Find the normalized coordinates of a phone in a given image
- Numpy
- OpenCV2
- Matplotlib
- roipoly (in the repo)
Given an image, classify pixels into two classes, "Phone" and "Non-phone", using two Gaussian Classifiers. Collect the classified pixels into a binary mask. Find contours of the binary mask using OpenCV and fit minimum area rectangle on these contours. Find the rectangle with maximum area within a set range, while having a reasonable height and width ratio as an iphone (~1.77). After selecting the best rectangle, return its center point as the predicted coordinates of the phone in the image.
First, the training images need to be labeled with the ROI (Region of Interest), which requires the module roipoly. In this algorithm, ROI is the phone screen. The ROI needs to be hand-labeled by a polygon using your mouse cursor. Run the following script:
python2 label_images.py ./find_phone
The command line argument is the path to a folder with labeled images and labels.txt. This script is currently looping through each image with a step size of 4. The step size can be adjusted in the script (same changes must also be made in the training script train_phone_finder.py, otherwise the mask and image will misalign). After labeling the ROI in all the images, the script will output a file named phone_screen_masks.npy. This file will be used in the training script below. Run the following training script:
python train_phone_finder.py ./find_phone
The command line argument is the path to a folder with labeled images and labels.txt. This will collect the labeled pixels to compute the mean and covariance parameters for the two Gaussian Classifiers. For convenience, these four parameters are hardcoded in the script. Using these parameters, the script will run the algorithm, predict the coordinates for all the training images, and output the accuracy based on the 0.05 radius range. This script will take a while to run since it runs the algorithm on all training images. The script will also export these four parameters through the file trained_gaussian_params.npz, which will be loaded and used by the testing script.

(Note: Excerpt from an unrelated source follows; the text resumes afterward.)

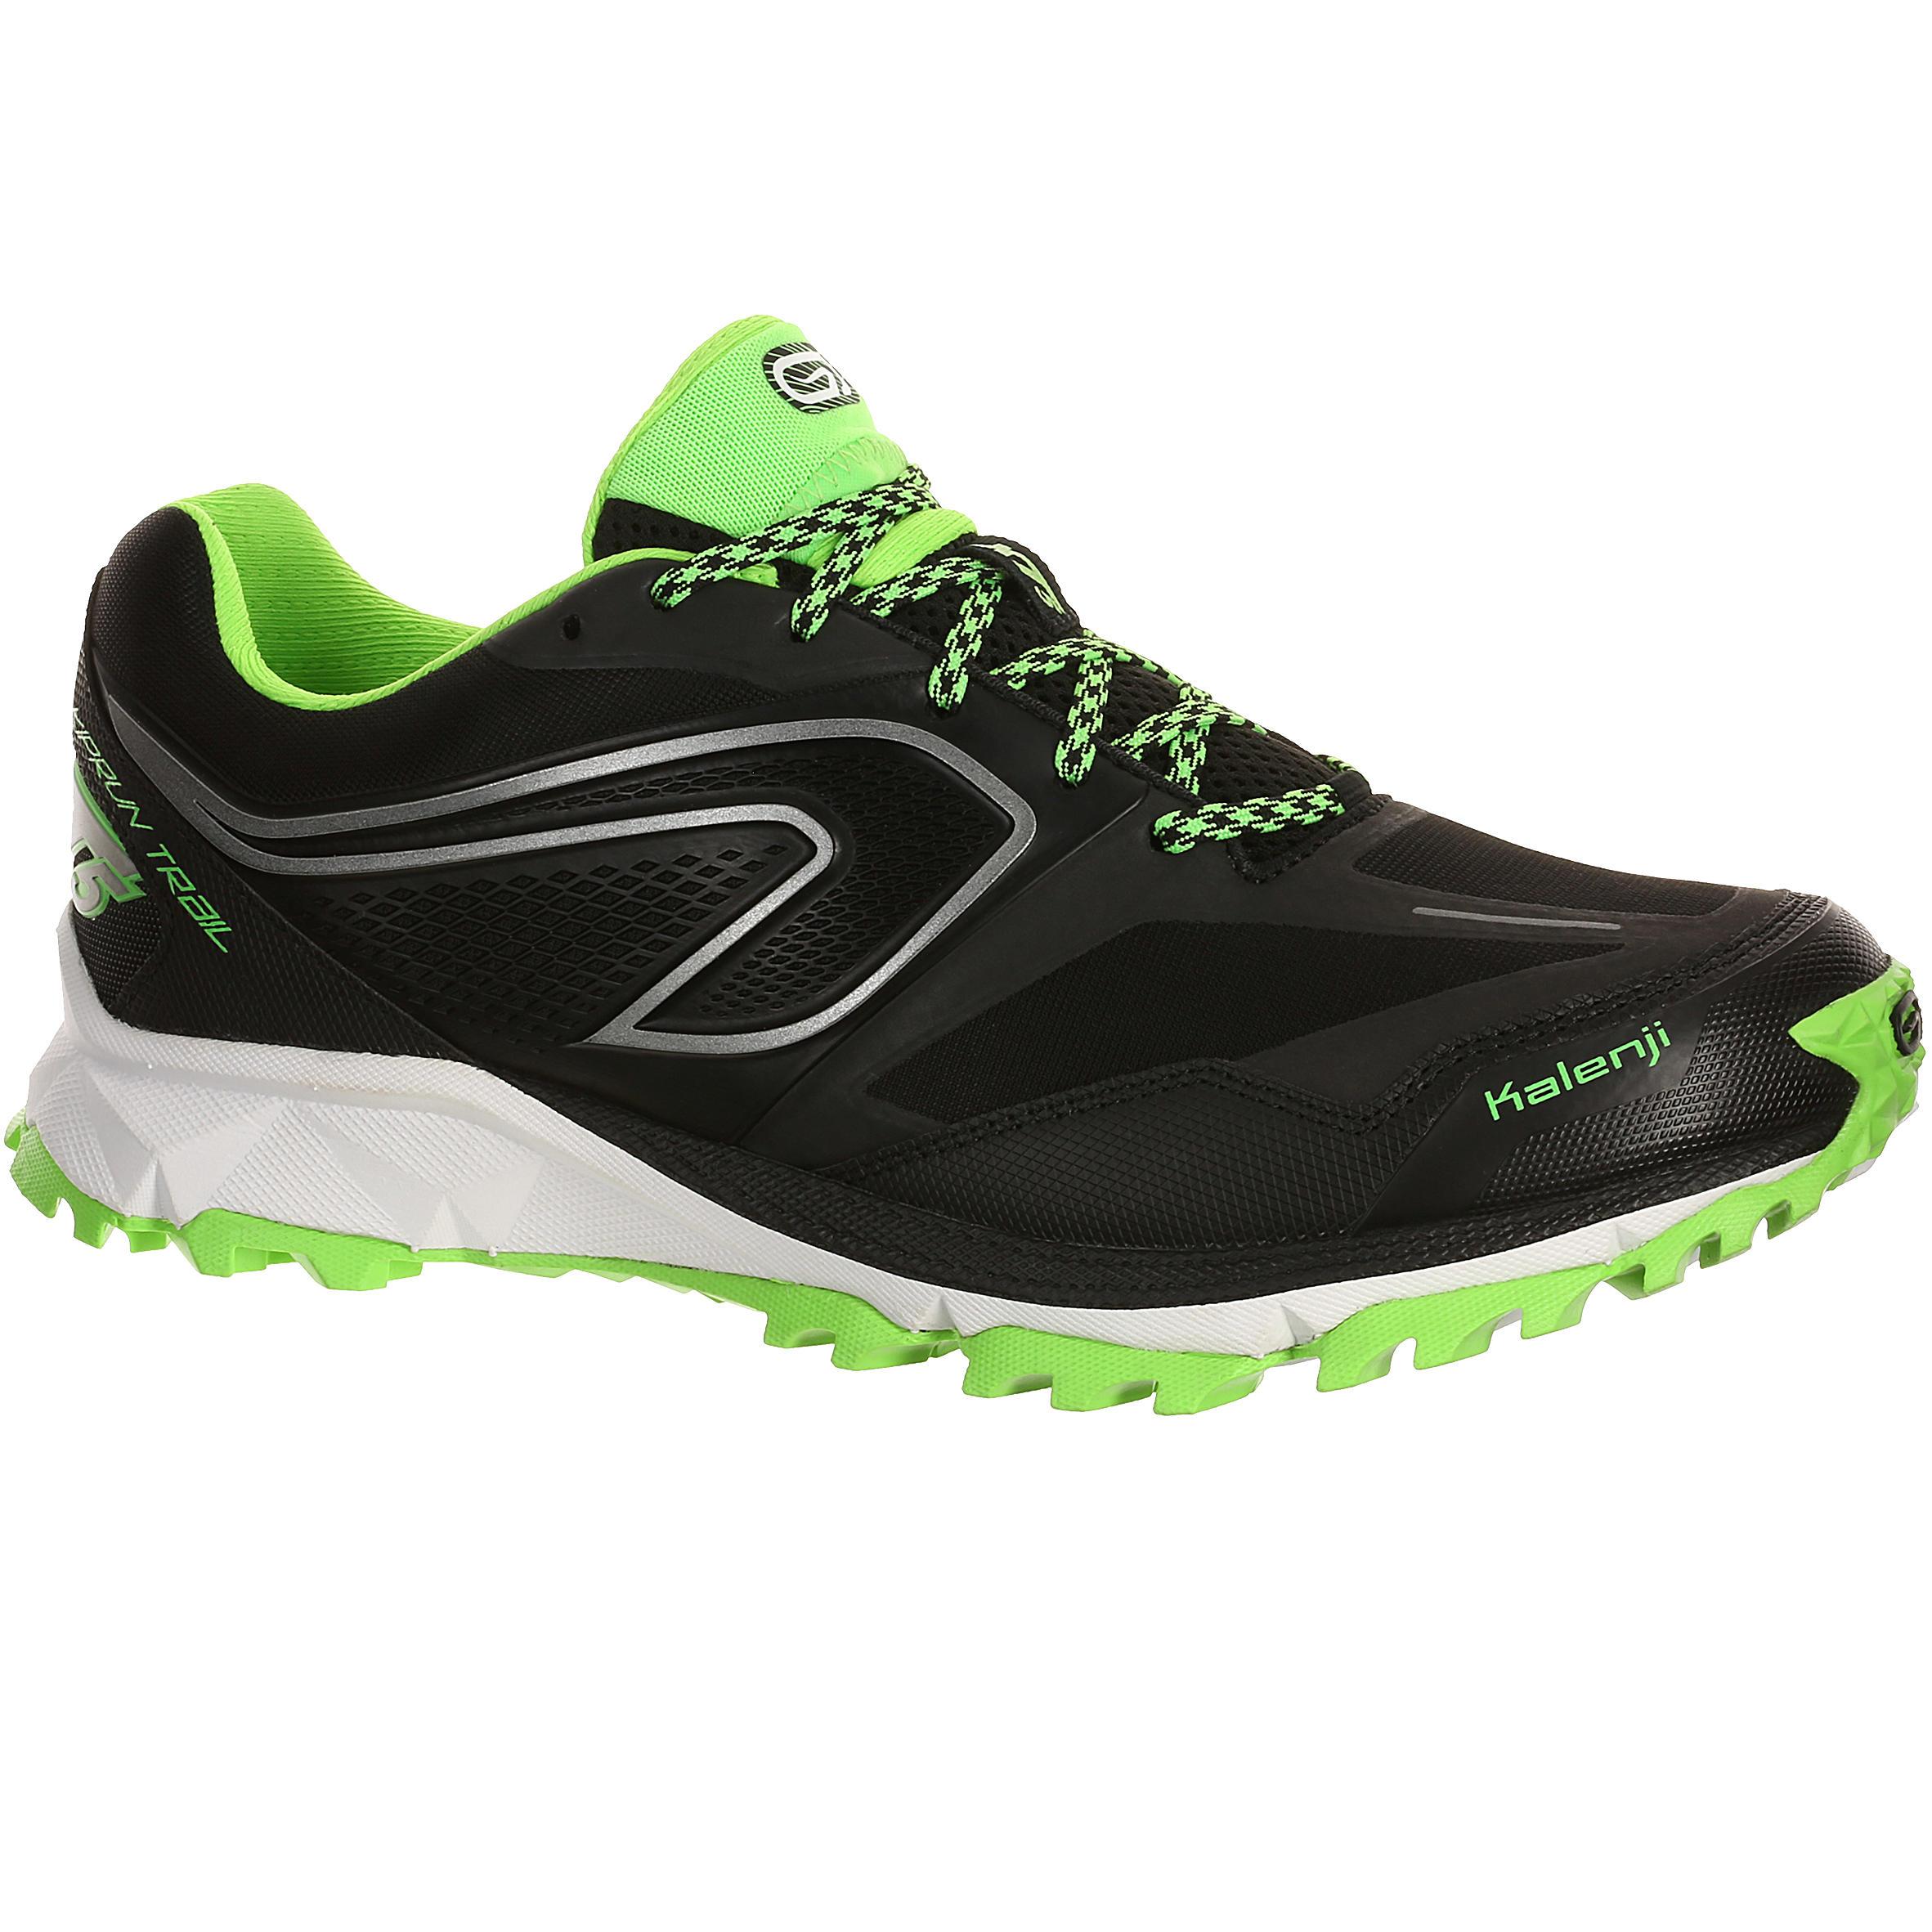 Chaussure Homme Trail Running Waterproof Xt5 Noir Kiprun Lq534ARj

The following test script will run the algorithm on the given image and print the predicted coordinates:
>> python find_phone.py ~/find_phone/51.jpg
0.2400 0.6035
The command line argument is the path to jpeg image to be tested.
The module find_phone_utils.py contains functions that are used by both the testing and training script. The core functions are:
- predict_phone_coordinates
The current accuracy on the entire training set is 83.721%. Since the algorithm is heavily based on the classifier on the pixel values, it is vulnerable to situations where the phone screen has glares/reflections and where the image background has many black pixels that do not belong to the phone.
The algorithm can certainly be optimized further by picking better parameters for the Gaussian Classifiers, better threshold values for the area of the rectangle and height/width ratio.